A crença positivista na racionalidade, infalibilidade e universalidade da produção do direito (CRUZ; DUARTE, 2013, p. 38) decorre do axioma cognominado de legislador racional, conferindo uma validade eivada de um excessivo formalismo (legalidade estrita), ao tempo que despreza a análise de seu conteúdo.

Para que um paradigma deste não mais fosse manejado por governos antidemocráticos, as Cartas Políticas passaram a incorporar uma tábua axiológica em seu corpo, comumente corporificada em normas e princípios consagradores de direitos fundamentais.

Estes valores por serem vazados em uma linguagem fluida e polissêmica (liberdade, desigualdade social, probidade, dignidade da pessoa humana, função social), comumente valendo-se da técnica legislativa que emprega cláusulas abertas ou conceitos juridicamente indeterminados, favorece a dutibilidade (malebalidade) da norma mencionada por Gustavo Zagrebelsky (2011, p.14), permitindo sua atualização ao momento histórico em que é aplicada, de tal modo que será legítima se observar as exigências morais de seu tempo.

Neste prisma extrai-se uma funcionalidade relevantíssima aos direitos fundamentais de serem a interface entre o direito e a moral, tendo como sua matriz as Constituições, deixando para trás o velho antagonismo entre o Jusnaturalismo e Positivismo. Há quem ouse afirmar, com acerto, que os direitos fundamentais ao incorporarem aspectos morais em sua redação, estariam reabilitando o direito natural.

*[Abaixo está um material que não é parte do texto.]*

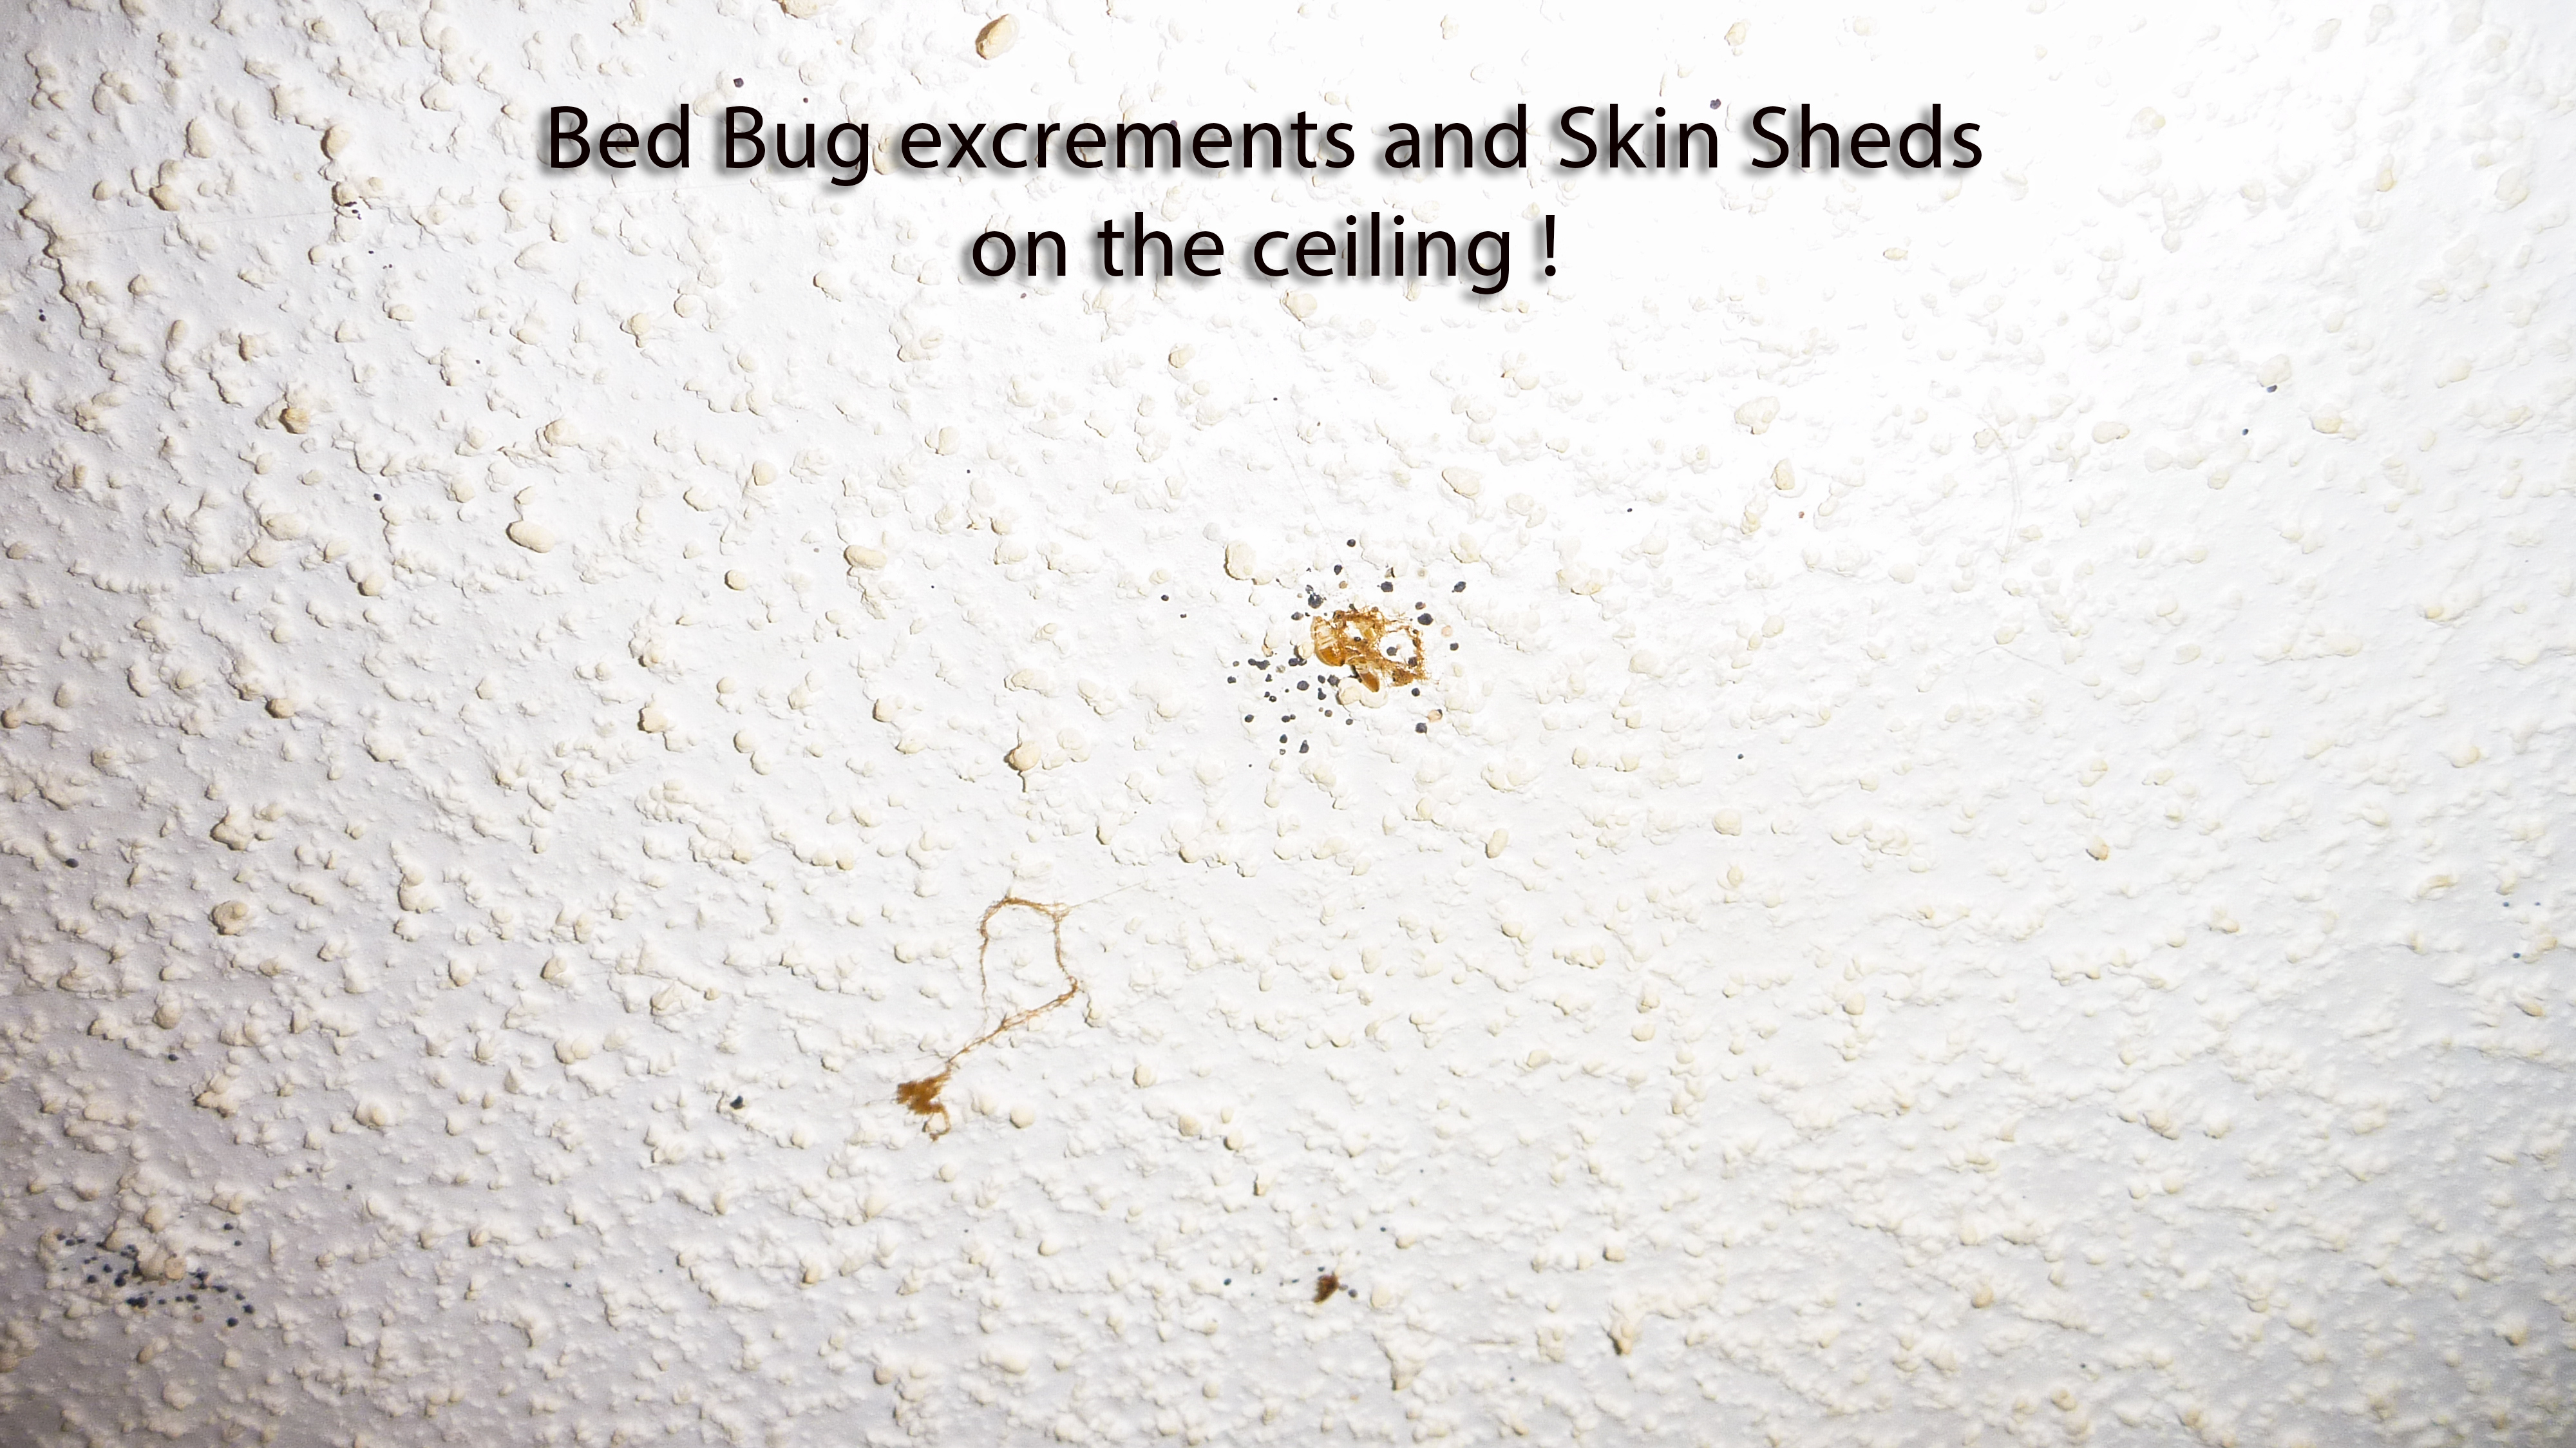 Bed Bugs Skin Sheds and Excrements on the Ceiling:

Esta reaproximação além de servir como manancial argumentativo para a produção, interpretação e aplicação do Direito, permite a concretização de valores compartilhados por uma dada comunidade num delimitado momento histórico.

Essa nova perspectiva metodológica serve de relevantíssima baliza para emitir um juízo de legitimidade e equidade às fontes do direito, notadamente as de origem estatal – lei, medida provisória, decretos e outros instrumentos normativos – conferindo-lhes o selo da aceitação pública do direito enquanto instrumento de poder.

Imprescindível pontuar que há uma relação de interação/reciprocidade e não de subordinação do sistema jurídico à moral, sempre recordando as ponderações de Habermas (1997, pp. 141 e 183) de que ambos têm abordagens epistêmicas diversas, distinguindo-se essencialmente pelo caráter compulsório carreado pelos programas normativos em relação aos seus destinatários, já a moral como um saber cultural é despida dessa imperatividade.

Nesta perspectiva Ribeiro (2010, p.57) sintetizou com maestria essa simbiose entre os referidos sistemas, afirmando que o Pós-positivismo passando ao largo da velha parêmia envolvendo direito natural e Positivismo, resulta de um esforço multidisciplinar para traçar um novo paradigma do Direito, com participação marcante da Filosofia Política, Filosofia da Linguagem e da Sociologia.

Como última consideração não se pode perder de vista as cautelas quanto a uma excessiva interpenetração entre ambos os domínios, oportunizada pela centralidade da Constituição com sua tábua axiológica modeladora do ordenamento e das relações sociais, num fenômeno a que Sarmento (2008, pp. 113-146) cunhou de ubiquidade constitucional, perigoso para as engrenagens de um Estado democrático pois

A hipertrofia constitucional não pode representar a tirania de valores, sob pena de a Constituição se converter em um instrumento totalitário, asfixiando as forças sociais e constrangendo a autonomia política e privada do povo. [...] colocando a perder toda a espontaneidade das relações humanas e as peculiaridades da própria vida de cada indivíduo dentro da sociedade (CAMBI, 2010, p. 139).

O reencontro do Direito com outros sistemas, dentre eles a Moral, é salutar para dar concreção a preceitos constitucionais portadores de valores fundamentais à sociedade, no entanto é preciso estar atento para que a excessiva constitucionalização não produza efeitos danosos a própria democracia, pois há matérias cujo trato seria mais adequado no âmbito político e, por sua vez, permitindo uma regulação autônoma pelo legislador ordinário que disporia de uma maior discricionariedade.

Arrematando este tópico, põe-se em relevo que as barreiras entre ambos não foram simplesmente suprimidas, mas na atual quadra por um impulso do texto constitucional há uma maior abertura cognitiva entre o Direito e a Moral.